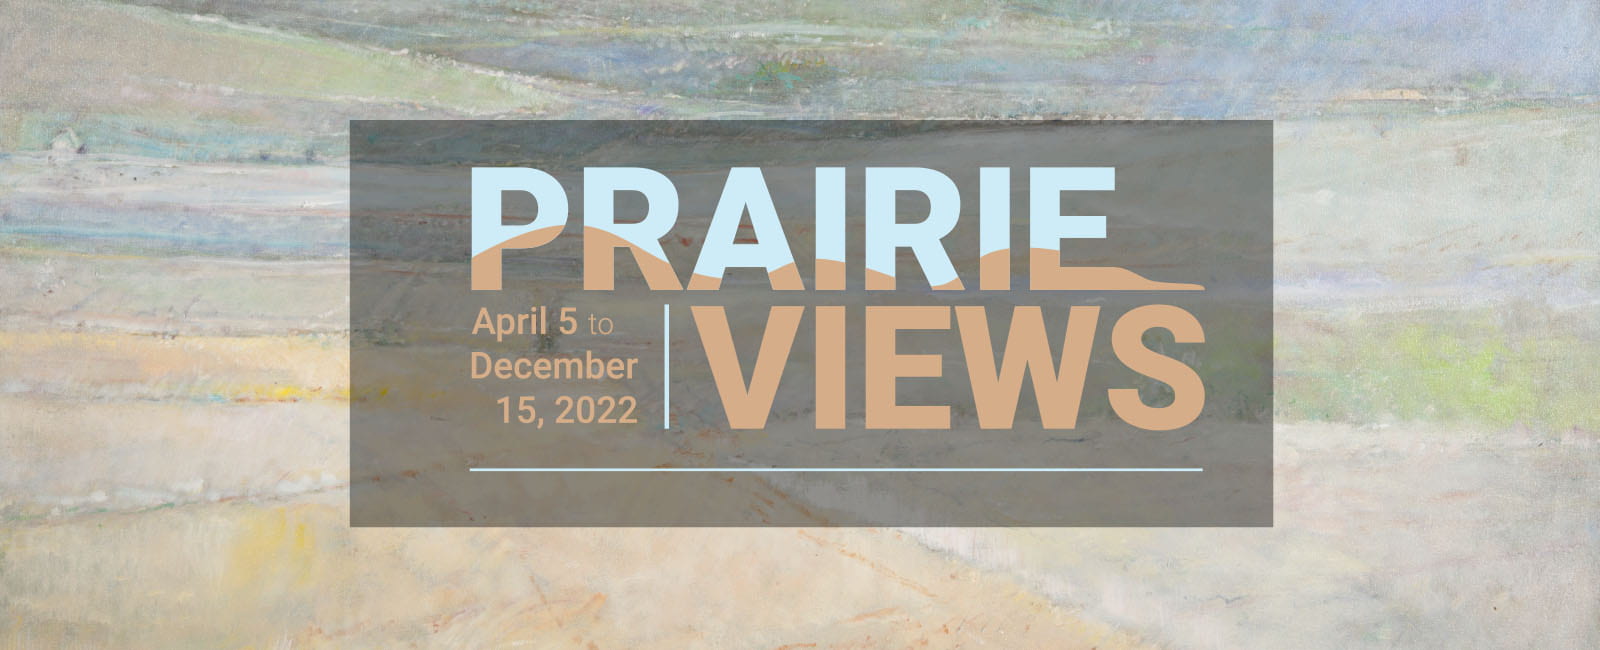 "Prairie Views" exhibition at the Beach Museum of Art.
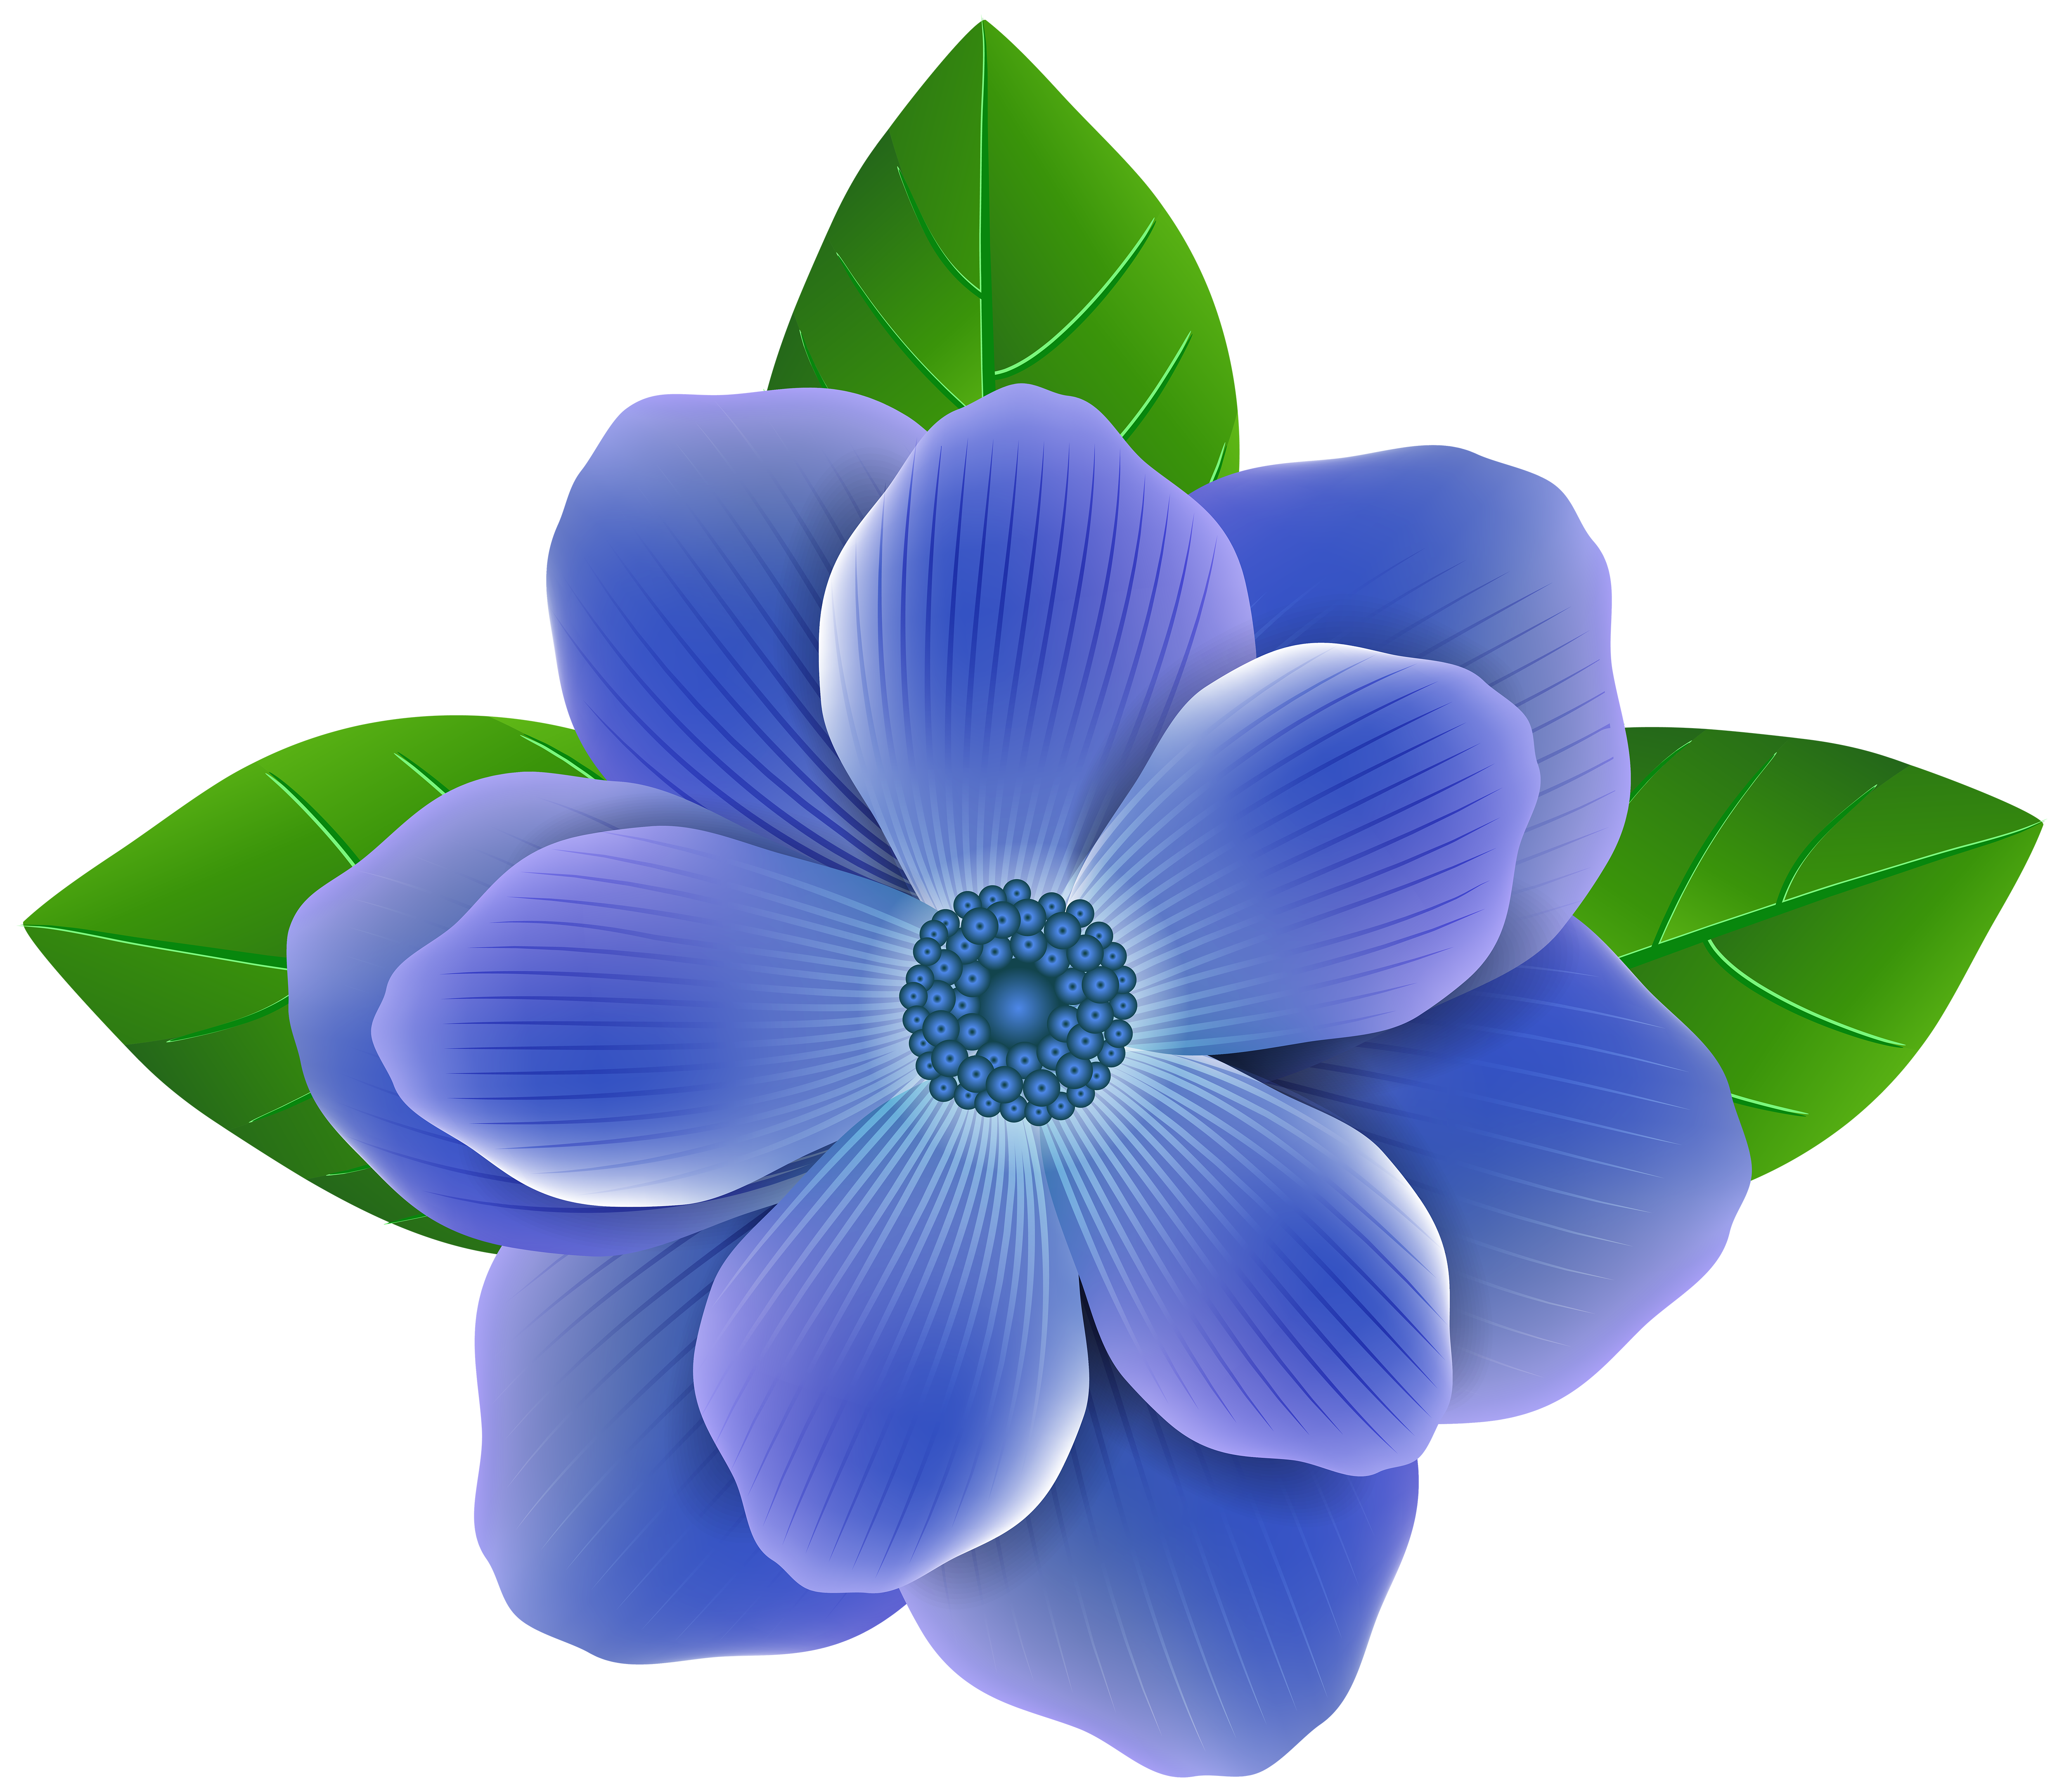 Blue Flower PNG Clip Art Image
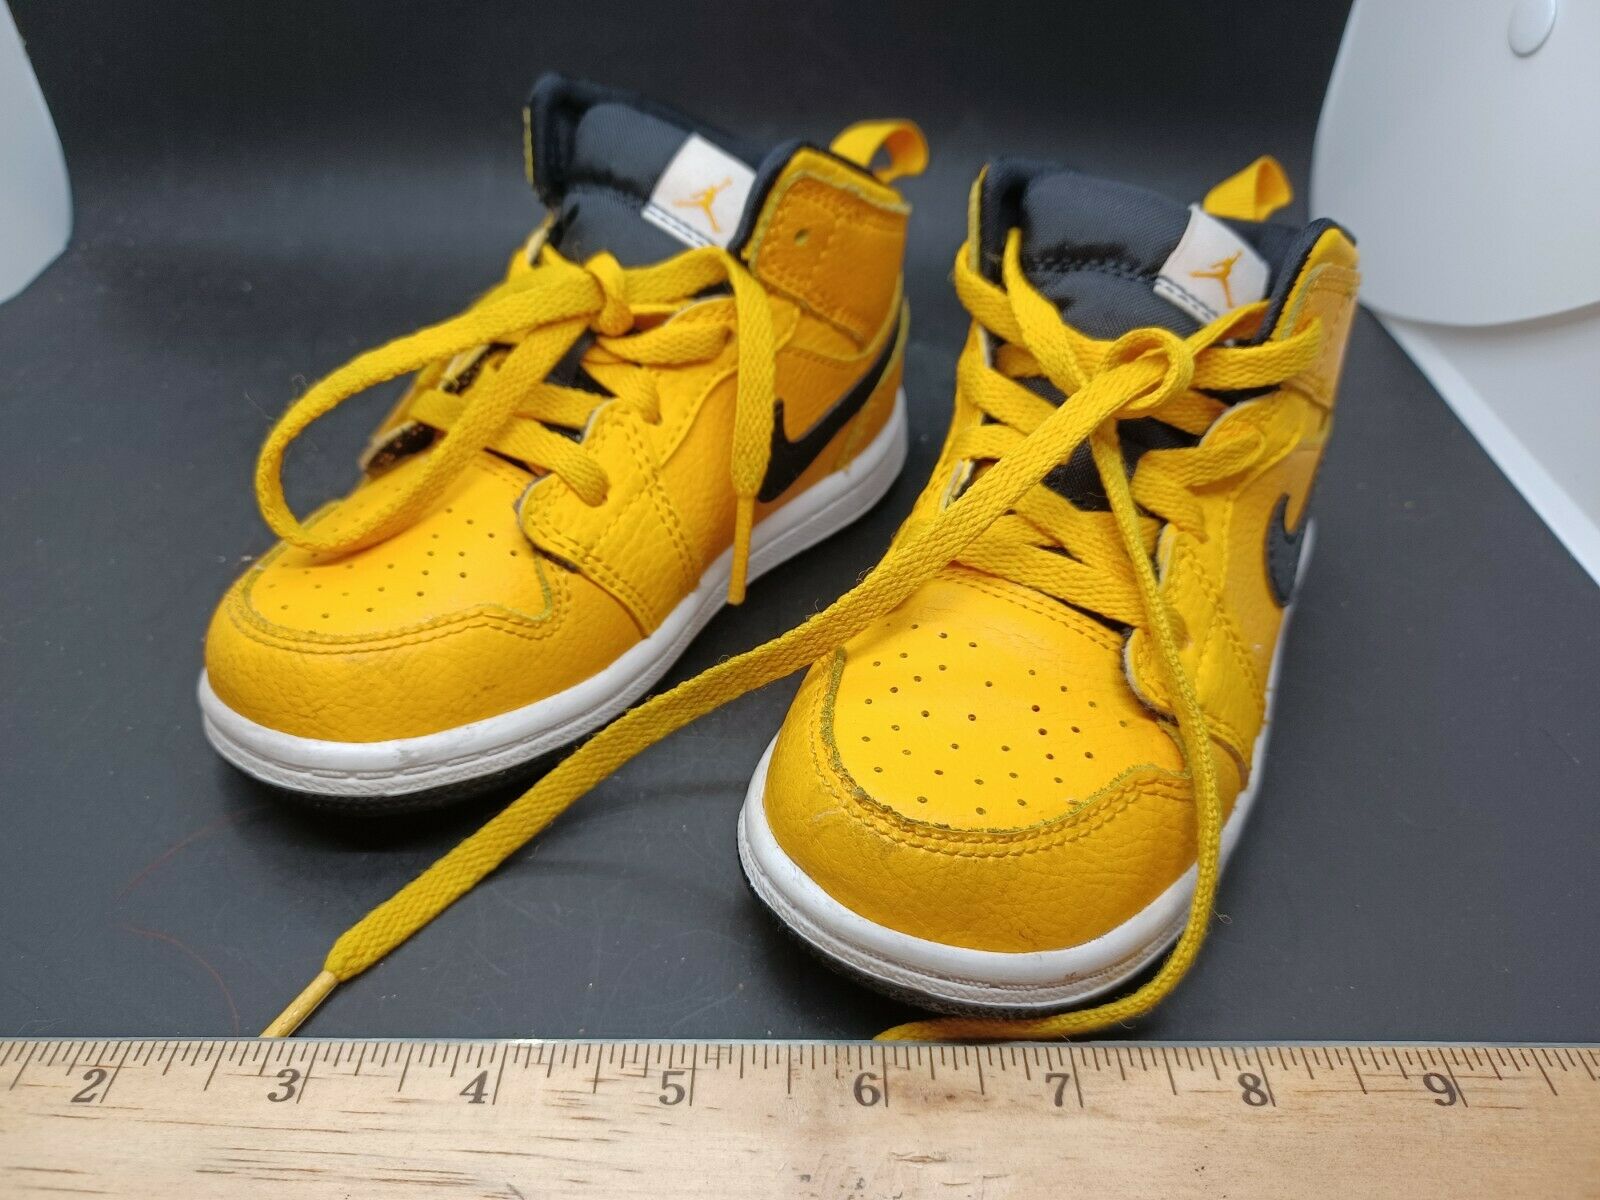 Nike Jordan 1 Mid Yellow Black White TD Toddler Size 8c Mid Shoes 640735-700
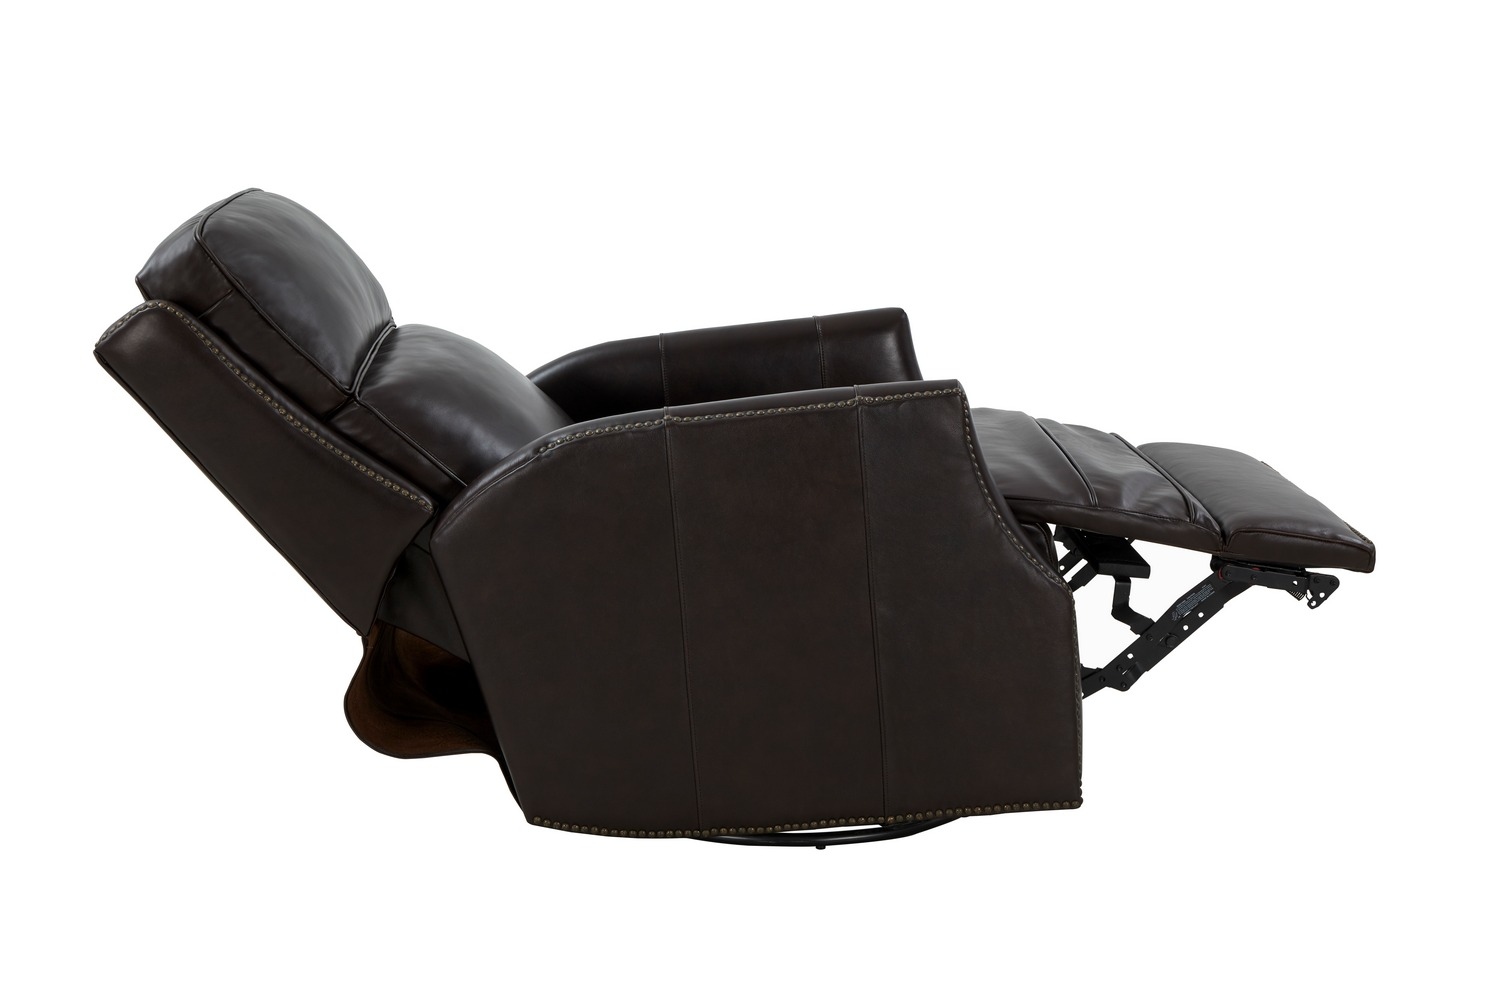 Barcalounger Aniston Power Swivel Glider Recliner Chair with Power Head Rest - Bennington Fudge/All Leather

## What to produce
Reproduce the data in full. Do not carry over any picture.

## Task output
 "Prairie Views" exhibition at the Beach Museum of Art.
 Blue Flower PNG Clip Art Image
 Nike Jordan 1 Mid Yellow Black White TD Toddler Size 8c Mid Shoes 640735-700
 Barcalounger Aniston Power Swivel Glider Recliner Chair with Power Head Rest - Bennington Fudge/All Leather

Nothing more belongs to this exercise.